Questions: Electronic Spectroscopy and the Franck-Condon Principle
3 questions to test your understanding
Score: 0 / 3
Question 1 Multiple Choice
In a UV absorption spectrum, which transition has the greatest intensity according to the Franck-Condon principle?
AAlways the v=0 → v'=0 transition
BThe transition to the v' level whose wavefunction has the greatest overlap with the ground-state v=0 wavefunction
CThe transition to the highest vibrational level of the excited state
DThe transition with the largest energy gap
The Franck-Condon principle says intensity is proportional to |⟨v'|v⟩|². The most intense band corresponds to the excited-state vibrational level whose wavefunction overlaps most with the ground-state wavefunction. When excited and ground electronic states have the same equilibrium geometry, this IS the 0→0 transition — but when geometries differ (the common case), the maximum shifts to a higher v'.
Question 2 True / False
Phosphorescence is slower than fluorescence because it involves a spin-forbidden transition from a triplet excited state back to the singlet ground state.
TTrue
FFalse
Answer: True
Fluorescence is a singlet→singlet (S₁→S₀) radiative transition, which is spin-allowed and occurs on nanosecond timescales. Phosphorescence involves intersystem crossing from S₁ to the triplet state T₁, followed by a T₁→S₀ emission. Because this requires a spin flip, it violates the spin selection rule and is slow — occurring on microsecond to second timescales.
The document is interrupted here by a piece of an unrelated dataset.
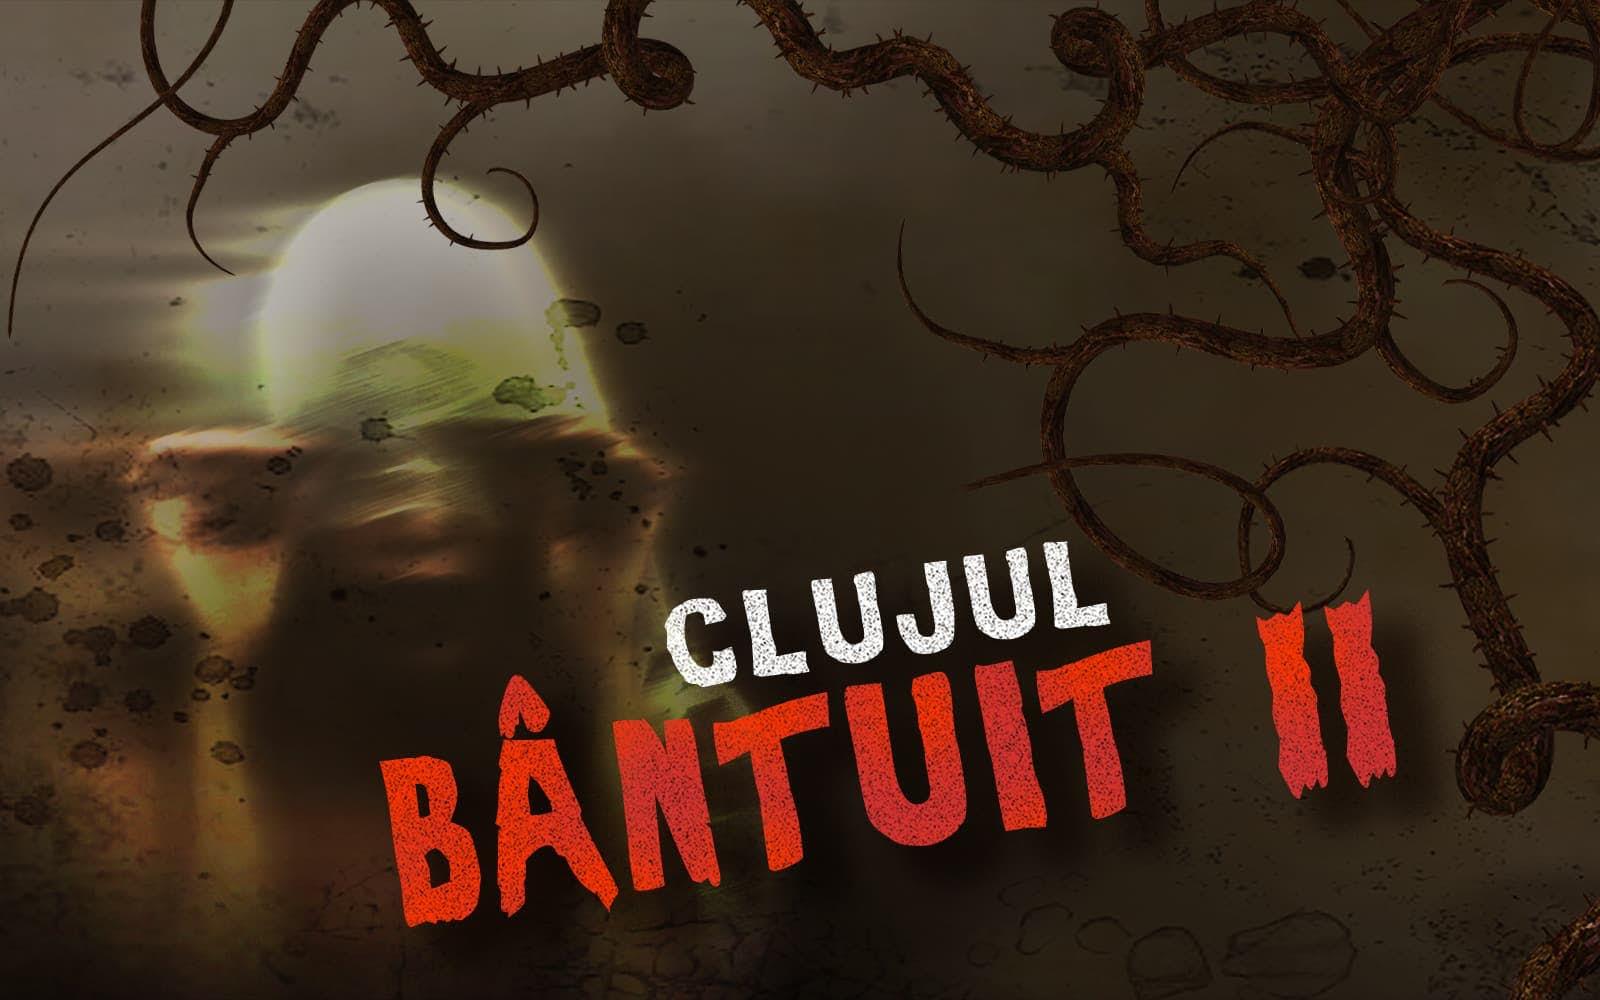 Clujul Bântuit II image

This is why phosphorescent materials continue glowing after the excitation source is removed.
Question 3 Short Answer
Why is the Franck-Condon transition described as 'vertical' on a potential energy diagram?
Think about your answer, then reveal below.
Model answer: Because electronic transitions occur so rapidly (~10⁻¹⁵ s) that nuclei cannot move during the event — both nuclear positions and momenta are essentially frozen. On a potential energy vs. internuclear distance diagram, the transition appears as a vertical arrow from the ground-state vibrational wavefunction up to the excited-state potential curve at the same nuclear coordinate.
This follows from the Born-Oppenheimer approximation: electrons move on a timescale many orders of magnitude faster than nuclei. The electronic transition is complete before the nuclei have time to respond, so the nuclear geometry at the moment of absorption is the same as in the initial state. This verticality determines which vibrational levels of the excited state are populated.